Before we began benchmarking the Gauntlet Node, we installed the latest 220.127.116.11 firmware. We strongly suggest the same to everyone, as it dramatically increases the performance of the device.
The read/write speed might appear very low but remember; this is a Wi-Fi connection. A speed of 1.4MB/s translates to 11,2Mbps, a fair speed for streaming media, although not ideal for 1080i/p content. The maximum wireless speed however has to do with the distance from the device, the mobile device connected to it and the number of devices connected at the time. The above results are taken with a laptop, with the Gauntlet 5 meters away and no other device connected at the time. Moving the laptop to a distance of a few cm increased the maximum read speed to 2.1MB/s (16.8Mbps), which speed however is still not enough for streaming 1080 content.

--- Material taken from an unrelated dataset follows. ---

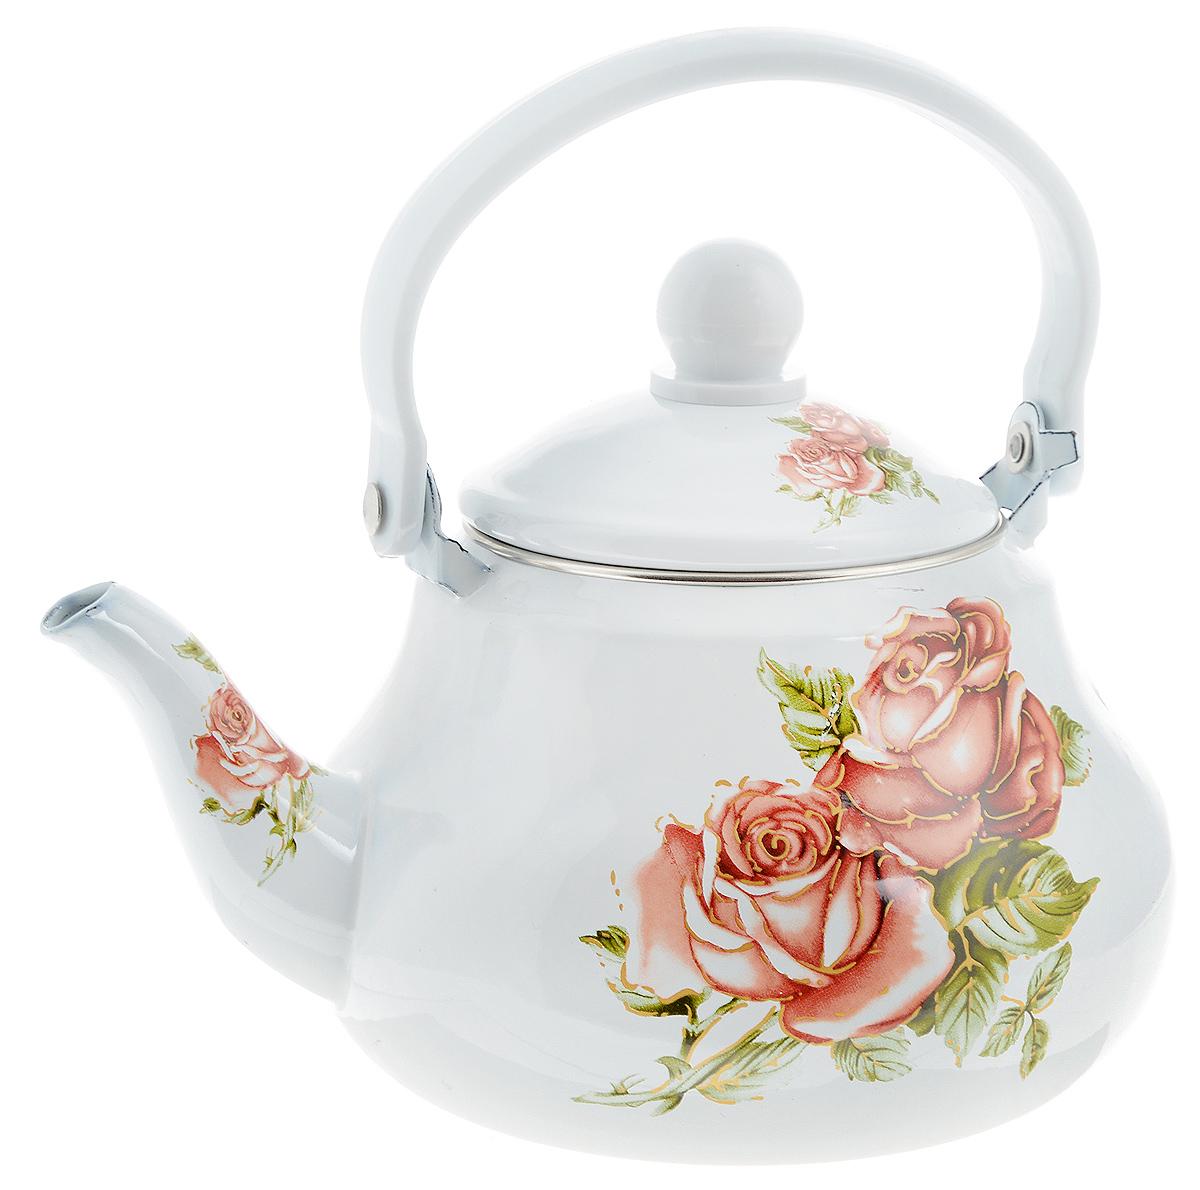 Чайник заварочный Mayer & Boch Яркие розы, 1,5 л25618Заварочный чайник Mayer & Boch Яркие розы изготовлен из высококачественной углеродистой стали с эмалированным покрытием. Такое покрытие защищает сталь от коррозии, придает посуде гладкую стекловидную поверхность и надежно защищает от кислот и щелочей. Изделие прекрасно подходит для заваривания вкусного и ароматного чая, травяных настоев. Чайник оснащен сетчатым фильтром, который задерживает чаинки и предотвращает их попадание в чашку. Оригинальный дизайн сделает чайник настоящим украшением стола. Он удобен в использовании и понравится каждому. Подходит для использования на газовых, стеклокерамических, электрических, галогеновых и индукционных плитах. Можно мыть в посудомоечной машине. Диаметр чайника (по верхнему краю): 9,5 см. Высота чайника (без учета крышки): 11 см. Толщина стенок: 8 мм.
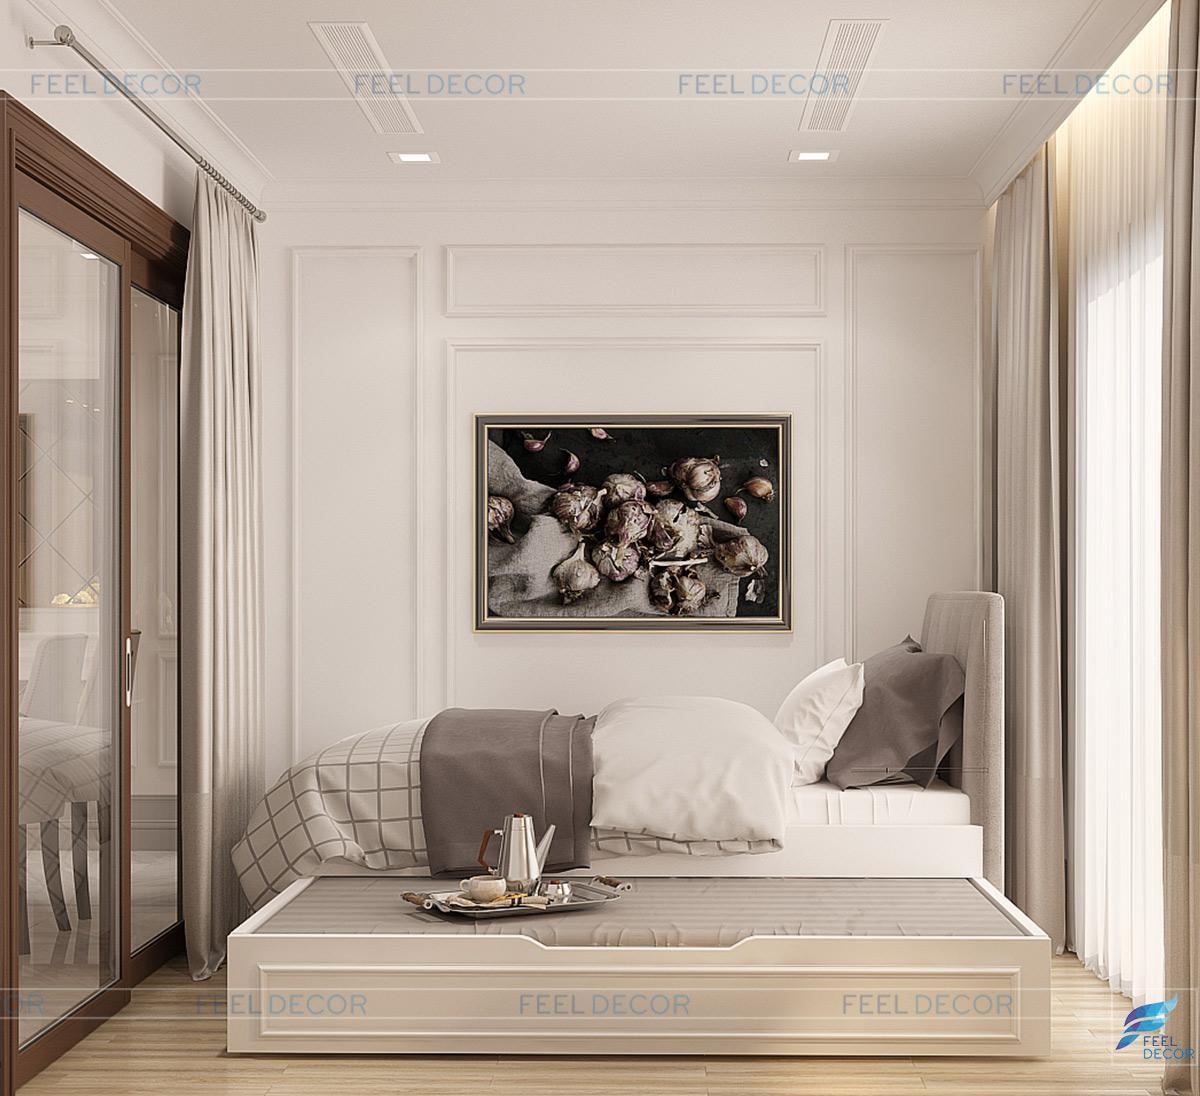 Thiết kế thi công nội thất căn hộ 84m2 chung cư Landmark 81 Vinhome

Battery life depends on many parameters as well. Patriot claims that this device has a battery life of up to 5.5 hours, so we had to see for ourselves. First of all, the life of the battery will obviously be affected by the drive installed in the Gauntlet Node; a 7200RPM performance HDD will definitely consume it much quicker than a SSD. As we think that installing an SSD inside the Gauntlet Node simply makes no sense, we only tested it using our 320GB Western Digital Blue HDD. As you can see from the graph above, battery life varies greatly depending on the kind of usage. Streaming MP3 files gave us a battery life of nearly 7 hours, more than what even Patriot claims. Streaming 720p content however dropped the battery life to 3.5 hours and copying files to the Gauntlet Node thrashed the battery life down to less than 2.5 hours.